The Supreme Court recently provided new guidance to appellate courts on how to use their discretionary powers to “do justice”, while maintaining impartiality. In a unanimous decision, R. v. Mian, 2014 SCC 54 [“Mian”], the Supreme Court pronounced a new test on when appellate courts can raise a “new issue”: where there is good reason to believe that failing to do so would risk an injustice.
Mian was acquitted of all criminal charges, after the trial judge found that his Charter rights were breached. The Crown appealed. The Alberta Court of Queen’s Bench (“the Court of Appeal”) allowed the appeal, after raising a new issue: whether the counsel for the defendant had improperly cross-examined a witness. The Court of Appeal found that he had, and that the trial judge erred in law by relying on the impermissible cross-examination. A new trial was ordered.
The court’s ability to intervene, by raising new issues on appeal or asking questions of parties directly, is important in allowing the bench to rectify injustices, and carry out its truth-finding role. Before Mian, the power to intervene was limited primarily by the court’s role as an impartial arbiter. If by intervening, the appellate court could be seen as advocating for one side, the use of its discretion to do justice could be rendered meaningless by its apprehension of bias.
Though the appellate court’s impartiality was not an issue in Mian, the Supreme Court took it into great consideration. Specifically, it took issue with the ambitious use of this discretion, which may call into question the court’s role as an unbiased arbiter. As stated by Justice Rothstein, at para 42, “[C]ourts cannot be seen to go in search of a wrong to right” (R. v. Mian,supra, para 42). To protect against such an outcome, the Supreme Court tied the discretion of raising new issues directly to the Court’s function to prevent an injustice, and only for that purpose. In doing so, it reiterated the role of appellate courts as independent and impartial decision-makers, as well as their deferential role on appeals.

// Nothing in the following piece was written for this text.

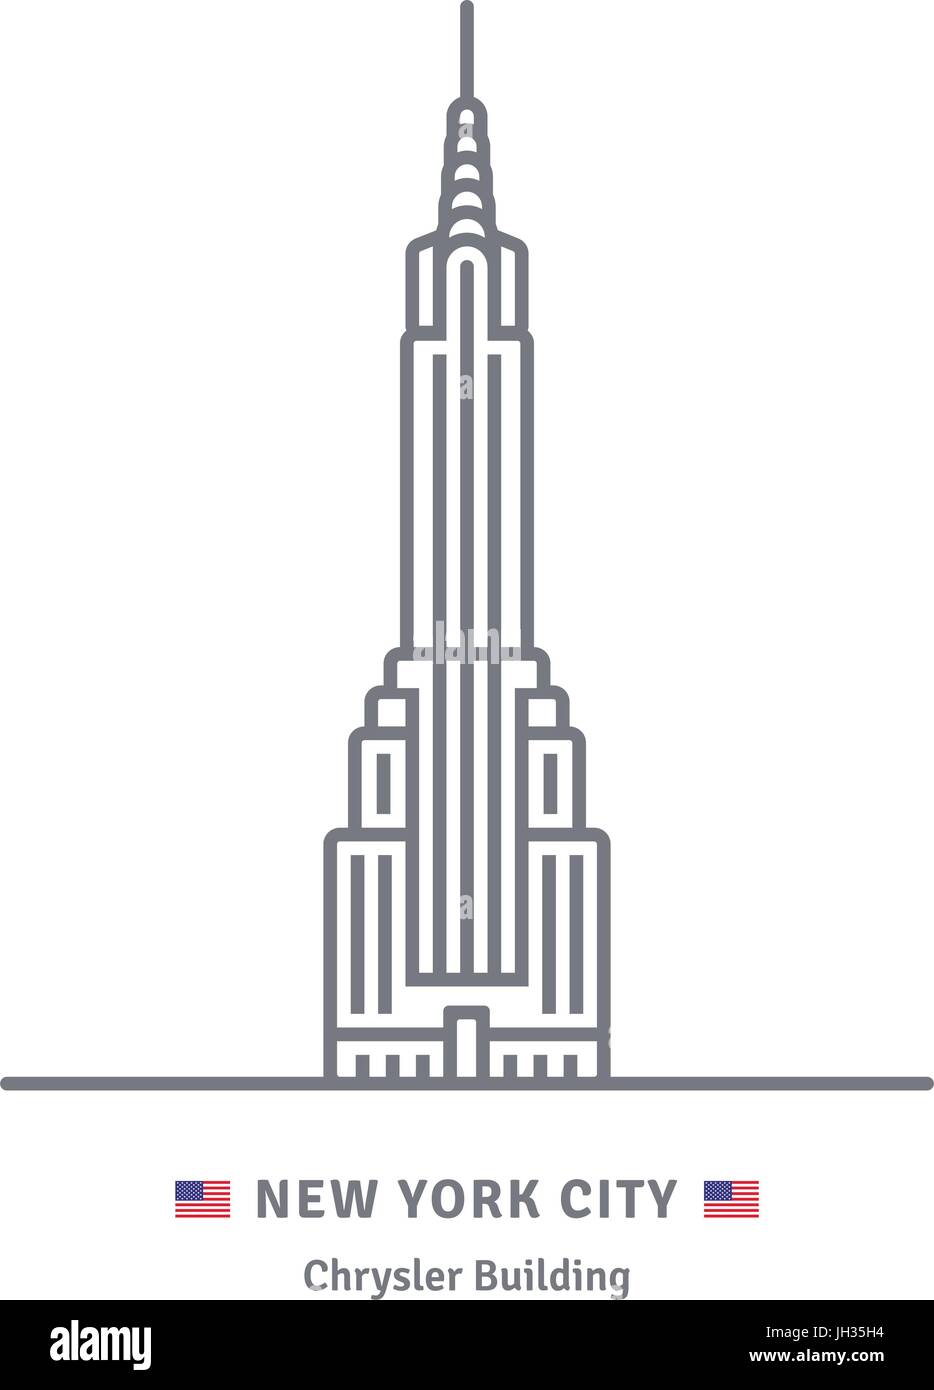 L'icône de la ligne de la ville de New York. Chrysler building et US flag vector illustration. Illustration de Vecteur
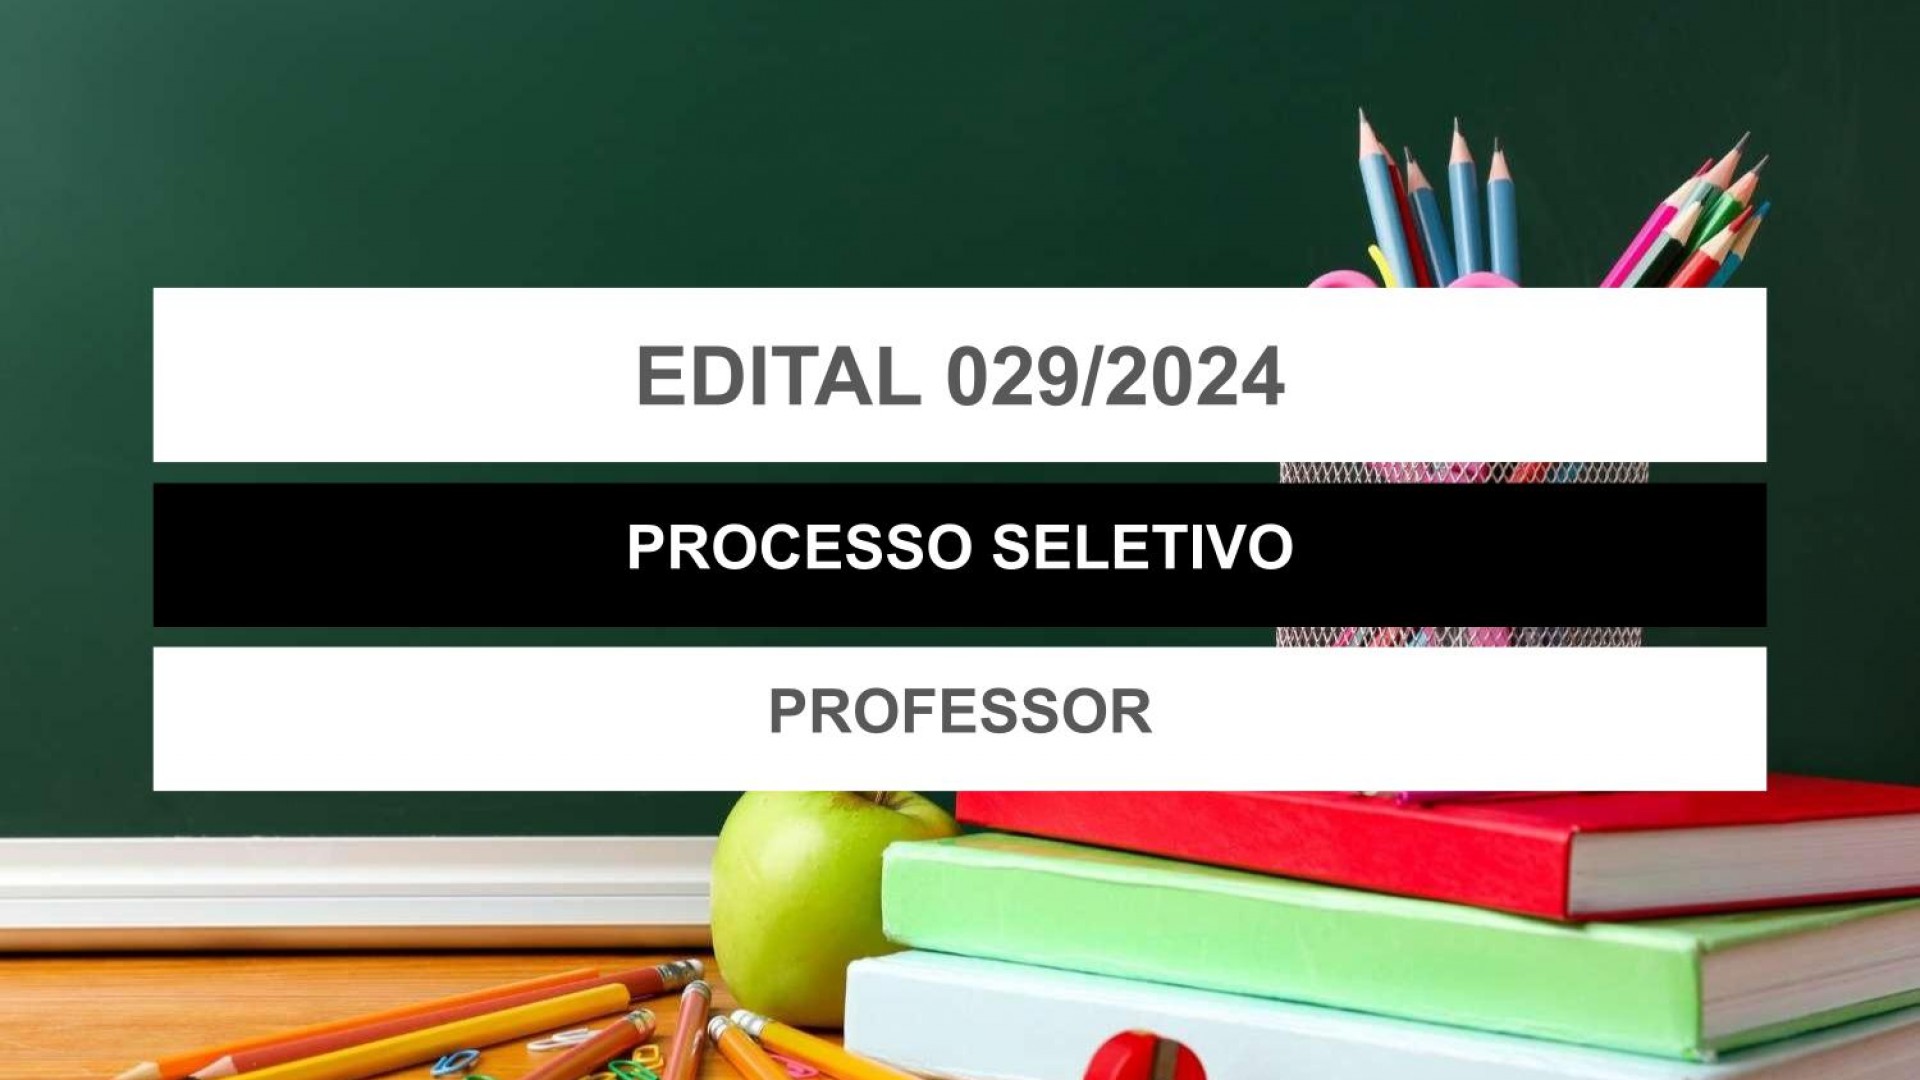 EDITAL EDUCAÇÃO Nº 029/2024 - 90 DIAS

In crafting the threshold, the Supreme Court attempted to reconcile between two competing considerations: preserving the adversarial system for the fact-finding mission, and the judiciary’s role to uphold justice.
The adversarial system in place allows the parties to present their versions of the truth to an unbiased third-party for a rendering. Central to the proper functioning of this adversarial system is the appearance of impartiality of the decision-maker. While an appellate court may intervene to better understand the truth, the manner in which it does this could also undermine the court’s unique role in the resolution process.
Notwithstanding this, as highlighted by the Supreme Court, it is equally an appellate court’s function to review errors of laws, seek the truth and correct any injustices. To do so, the court must have certain procedural powers to take on an active role during proceedings to satisfy itself of the truth, where the parties’ have been unable to do so.
To strike a balance between these two roles, the Supreme Court limited the appellate courts’ discretion to raise new issues on appeal only in order to correct an injustice. It cited examples of situations where a self-represented litigant may need assistance, or where intervention would be required to correct a seemingly unreasonable criminal sentence.
The Supreme Court recognized that a preliminary assessment would be needed to determine whether the new issue meets the injustice threshold. Where there are no early indications of an injustice by failing to raise a new issue however, a failure to carry out a preliminary assessment would not be an error of law.
Other considerations include whether the court has jurisdiction to consider the issue, whether there is sufficient evidentiary record to determine the issue, and whether doing so would cause procedural prejudice to either party. There are also procedural safeguards put in place, many of which already exist, such as providing notice to parties of the new issue.